* TASK DIRECTIONS
Write the listing below out again exactly, though only as far as the line with "Bb-klarinet Leblanc Bb CL650 Bb-klarinet", which is included.
[PROVIDED RECORDS — start]
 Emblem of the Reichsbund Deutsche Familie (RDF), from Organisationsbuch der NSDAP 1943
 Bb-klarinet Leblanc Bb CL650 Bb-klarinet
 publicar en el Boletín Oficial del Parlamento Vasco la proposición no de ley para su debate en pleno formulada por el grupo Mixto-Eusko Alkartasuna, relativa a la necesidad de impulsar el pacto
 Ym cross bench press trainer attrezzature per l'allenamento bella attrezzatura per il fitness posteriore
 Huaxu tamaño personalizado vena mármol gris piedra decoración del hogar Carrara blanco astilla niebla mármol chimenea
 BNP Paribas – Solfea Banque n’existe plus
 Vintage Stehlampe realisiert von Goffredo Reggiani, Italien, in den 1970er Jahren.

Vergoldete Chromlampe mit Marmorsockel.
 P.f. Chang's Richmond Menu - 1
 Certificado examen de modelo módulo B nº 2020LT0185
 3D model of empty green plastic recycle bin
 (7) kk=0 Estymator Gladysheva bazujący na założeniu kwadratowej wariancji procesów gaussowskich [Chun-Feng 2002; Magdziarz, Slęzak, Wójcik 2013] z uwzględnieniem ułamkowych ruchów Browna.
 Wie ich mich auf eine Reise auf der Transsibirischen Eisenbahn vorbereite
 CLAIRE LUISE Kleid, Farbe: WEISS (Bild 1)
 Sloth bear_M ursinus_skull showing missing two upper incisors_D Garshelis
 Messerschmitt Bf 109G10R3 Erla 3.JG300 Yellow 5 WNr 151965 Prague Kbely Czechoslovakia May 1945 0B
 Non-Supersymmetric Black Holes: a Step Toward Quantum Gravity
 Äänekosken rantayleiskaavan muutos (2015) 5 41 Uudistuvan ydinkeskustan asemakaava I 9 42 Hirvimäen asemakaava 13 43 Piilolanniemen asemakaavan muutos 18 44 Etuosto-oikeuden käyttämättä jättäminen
[PROVIDED RECORDS — finish]
* SOLUTION TO THIS EXERCISE
 Emblem of the Reichsbund Deutsche Familie (RDF), from Organisationsbuch der NSDAP 1943
 Bb-klarinet Leblanc Bb CL650 Bb-klarinet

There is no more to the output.